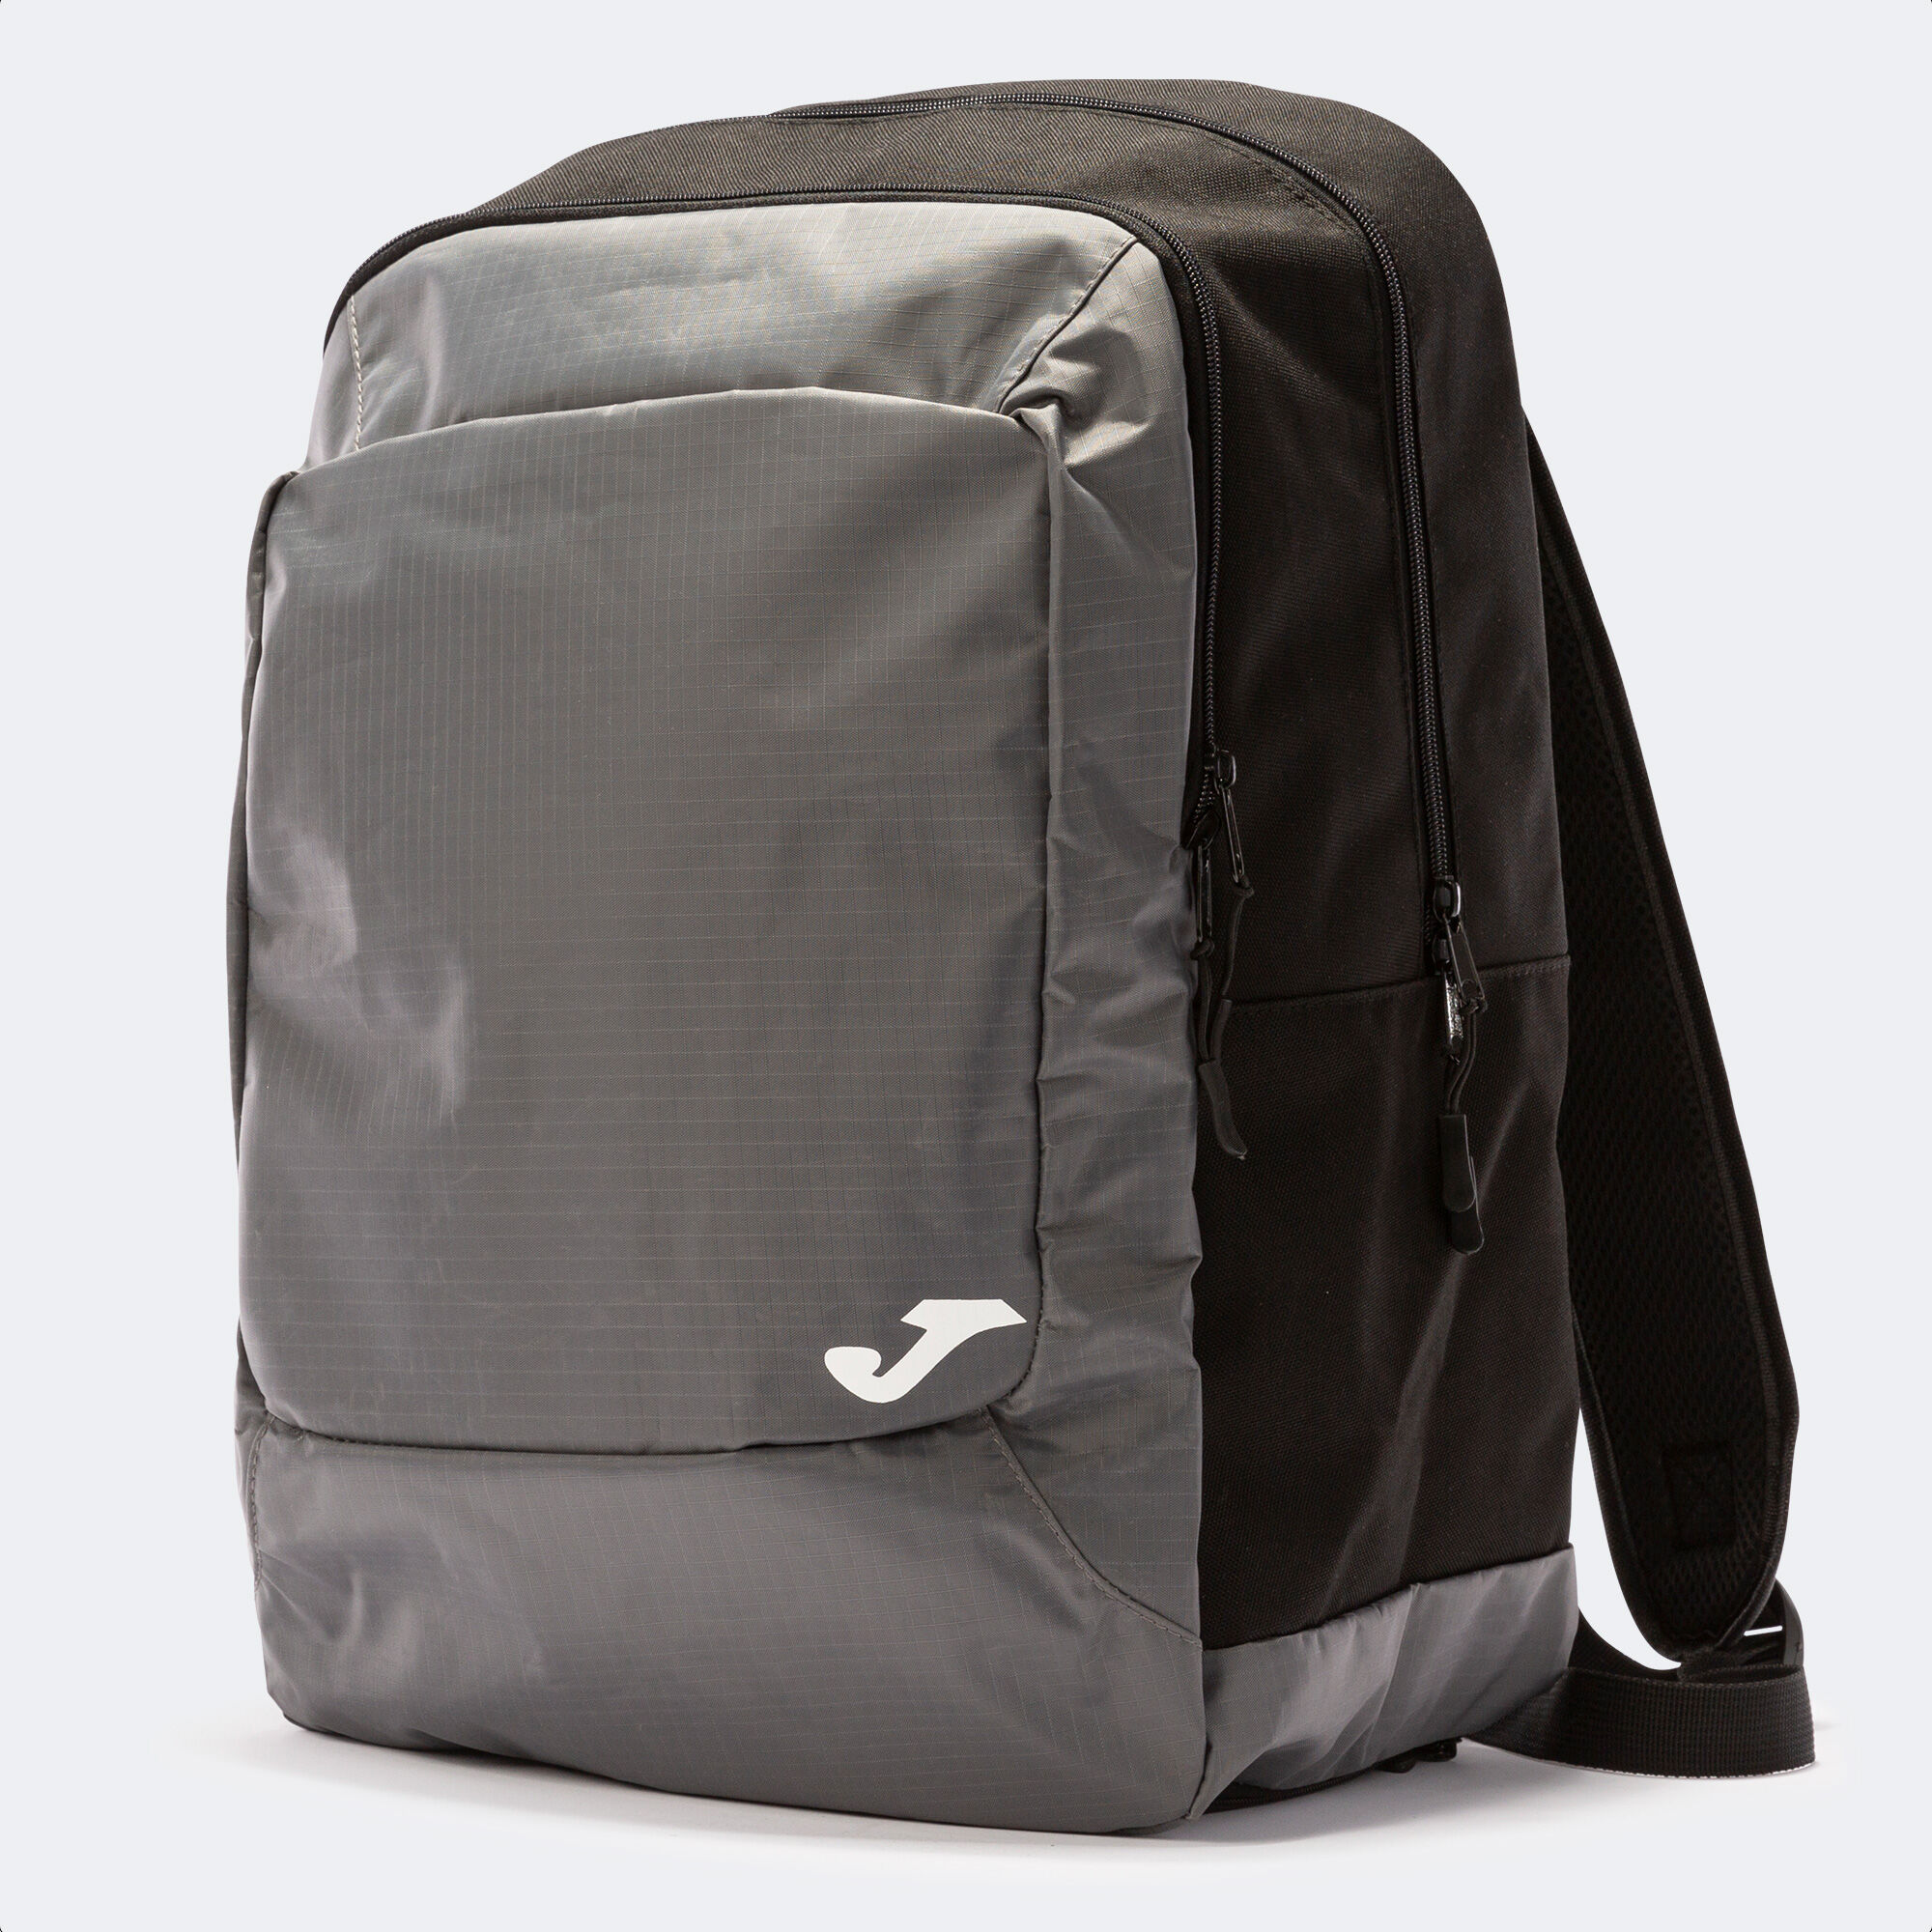 Backpack - shoe bag Team black dark gray
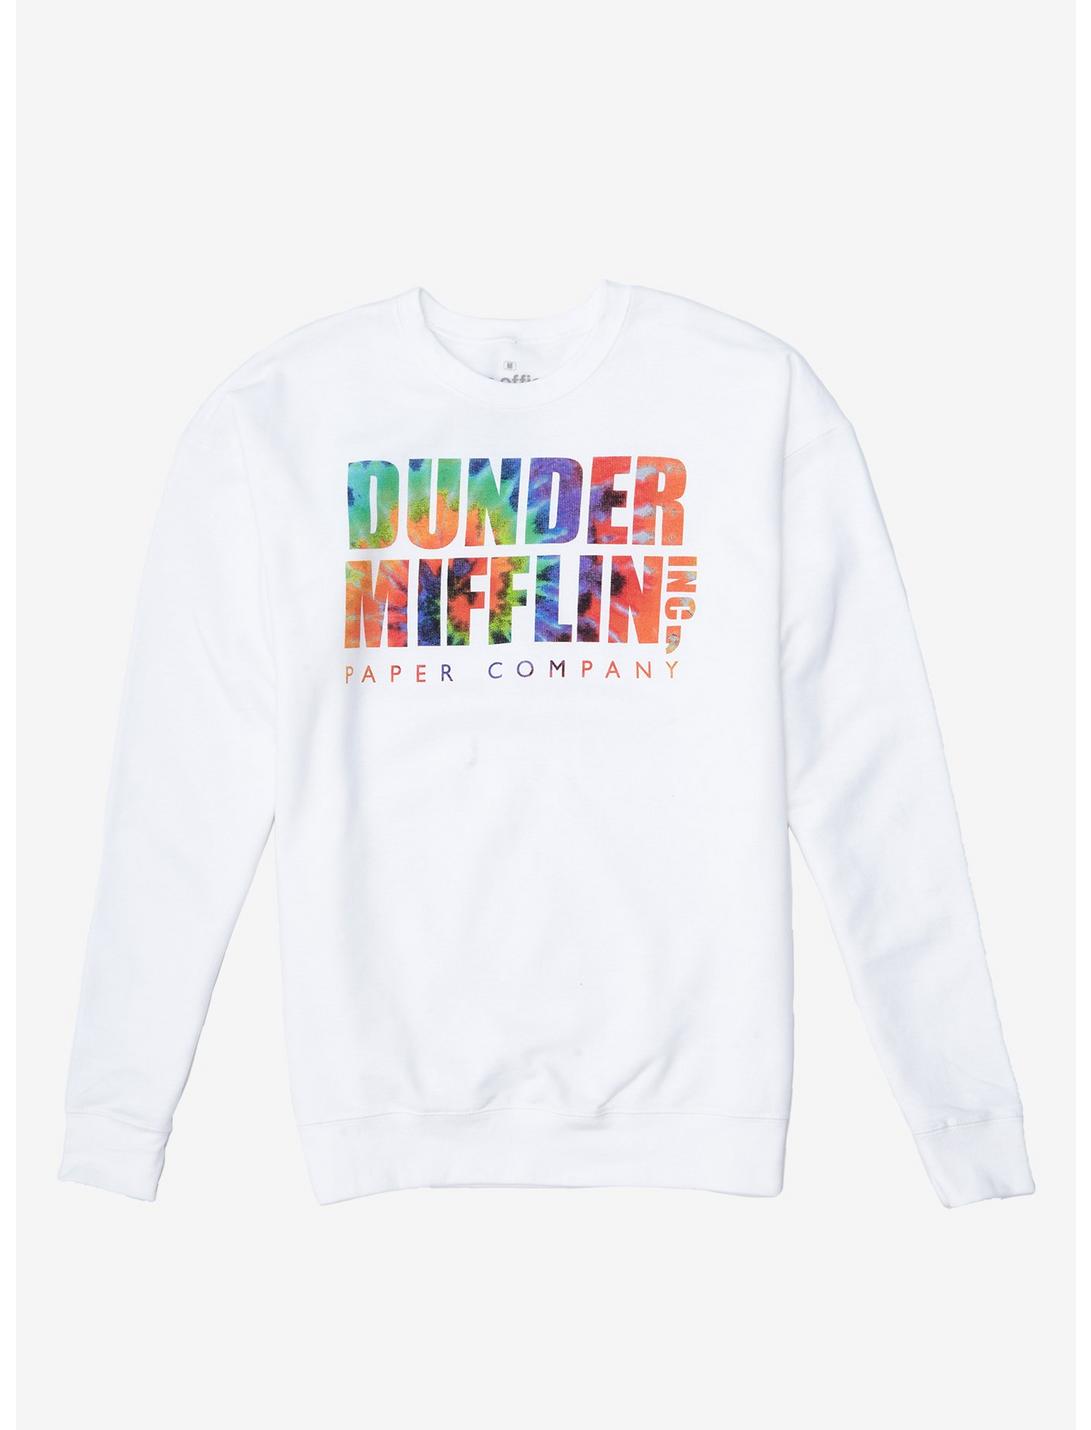 The Office Dunder Mifflin Tie-Dye Logo Girls Sweatshirt, MULTI, hi-res
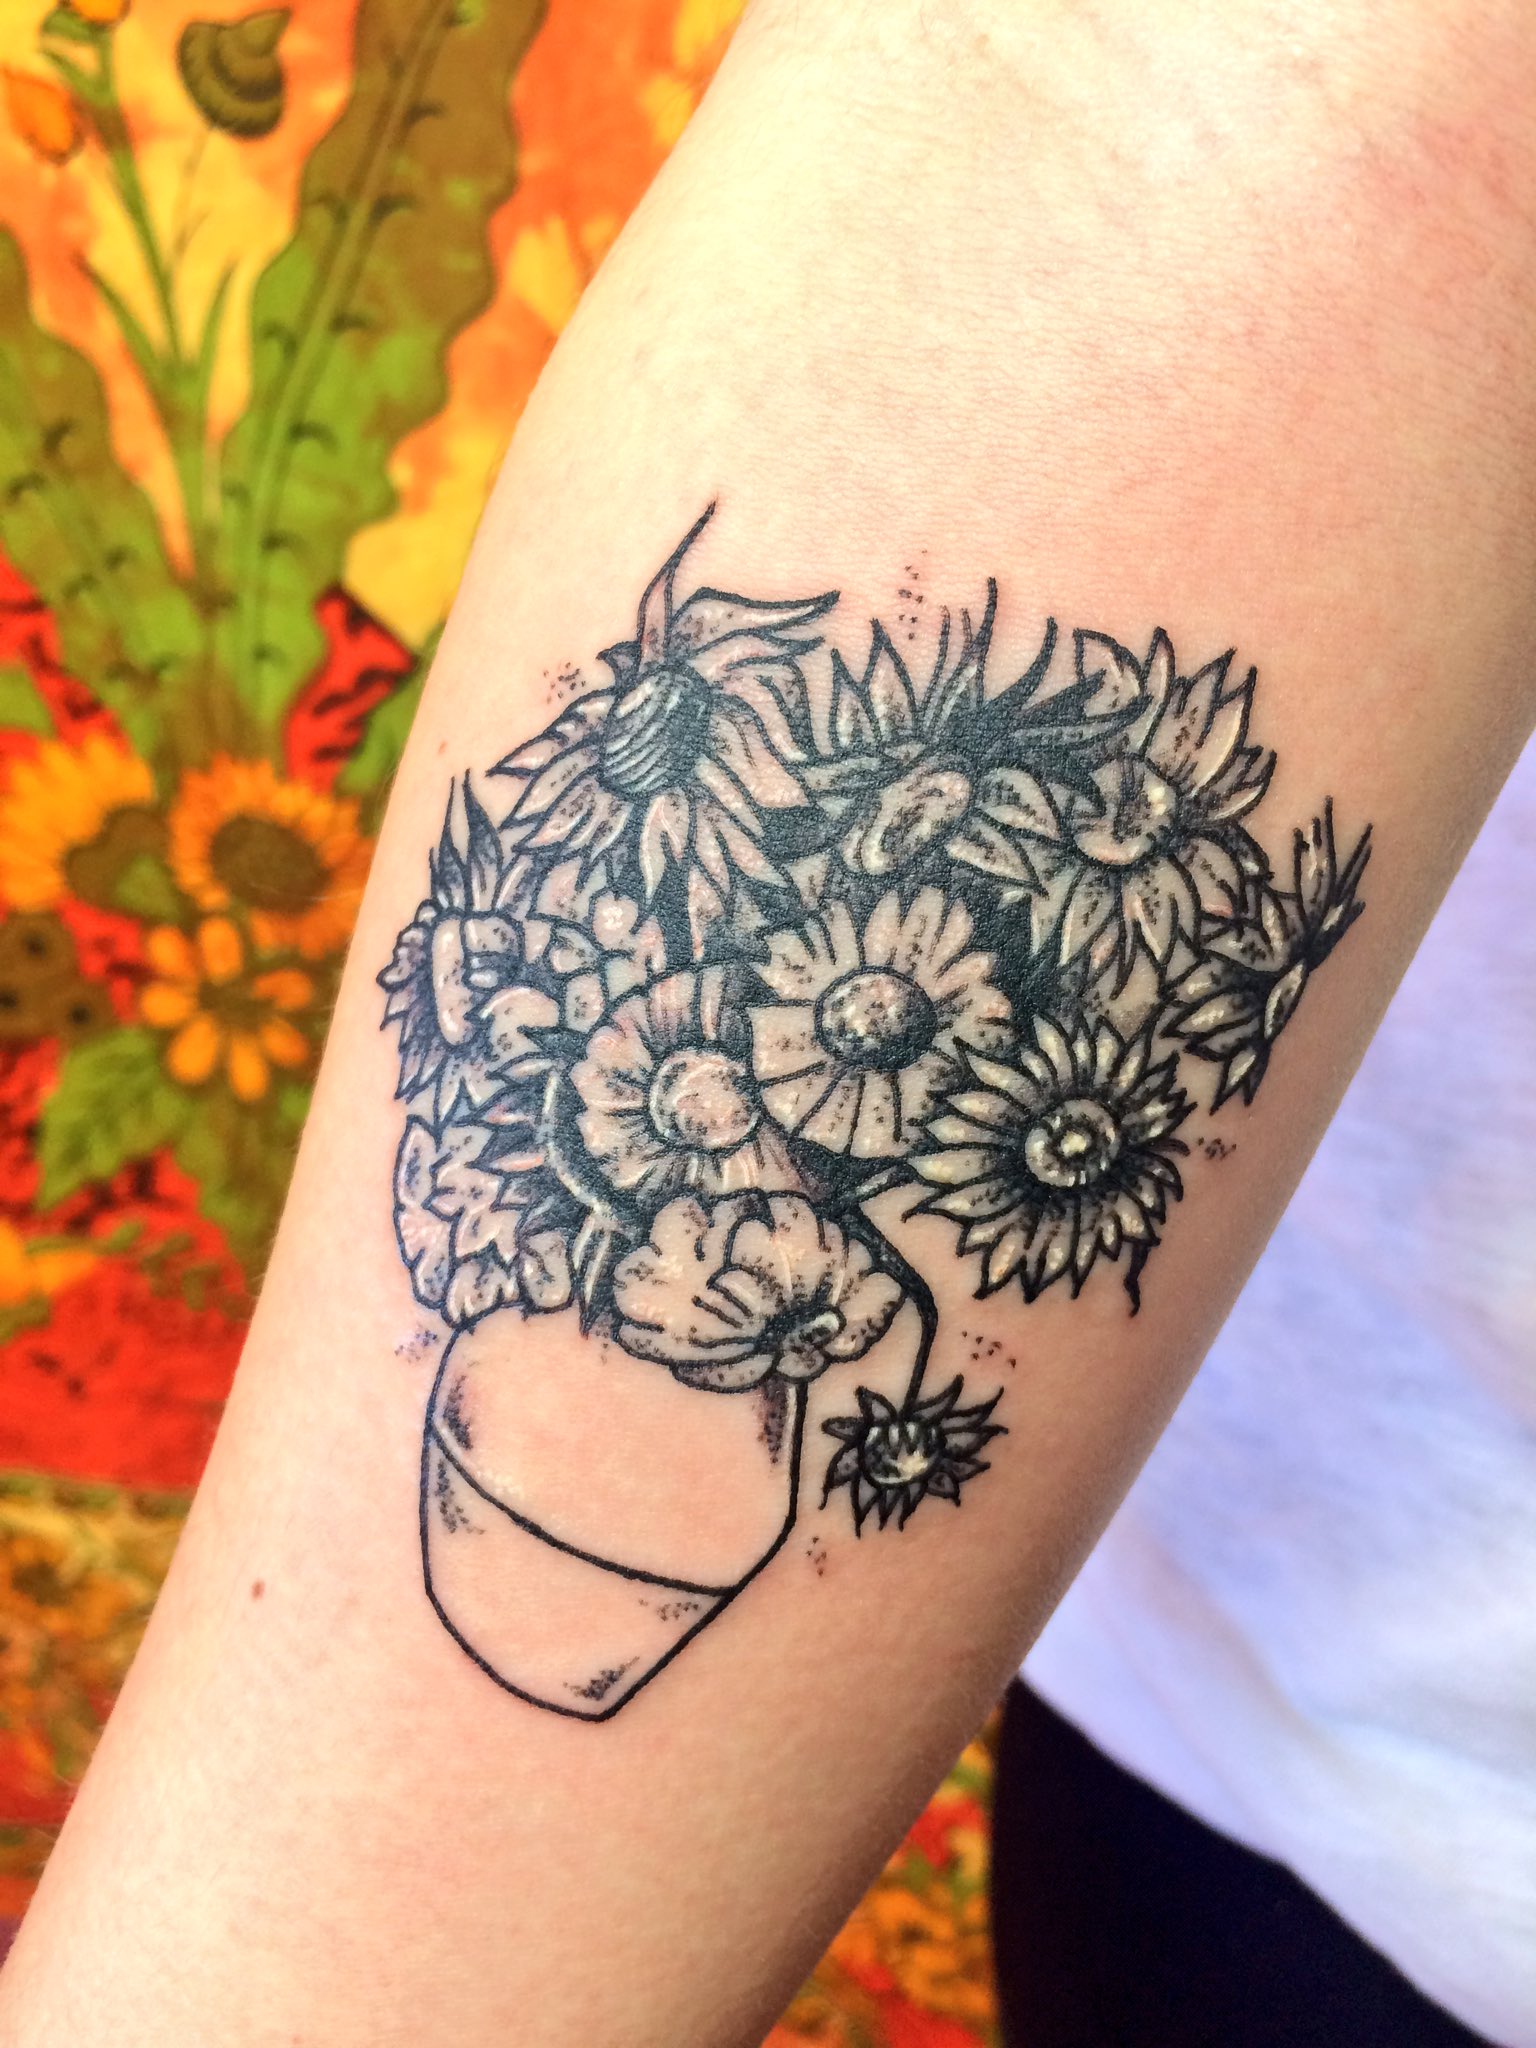 Celeste Vera Tattoo on X: "Tatuaje de los girasoles de van gogh y rosa lineal de buena mañana :) https://t.co/00BDGv5YVk" / X

**DIRECTIONS**.
Once the pictures have been removed, reproduce each line of the material above exactly.

**WORKED SOLUTION**.
 Backpack - shoe bag Team black dark gray
 The Office Dunder Mifflin Tie-Dye Logo Girls Sweatshirt, MULTI, hi-res
 Celeste Vera Tattoo on X: "Tatuaje de los girasoles de van gogh y rosa lineal de buena mañana :) https://t.co/00BDGv5YVk" / X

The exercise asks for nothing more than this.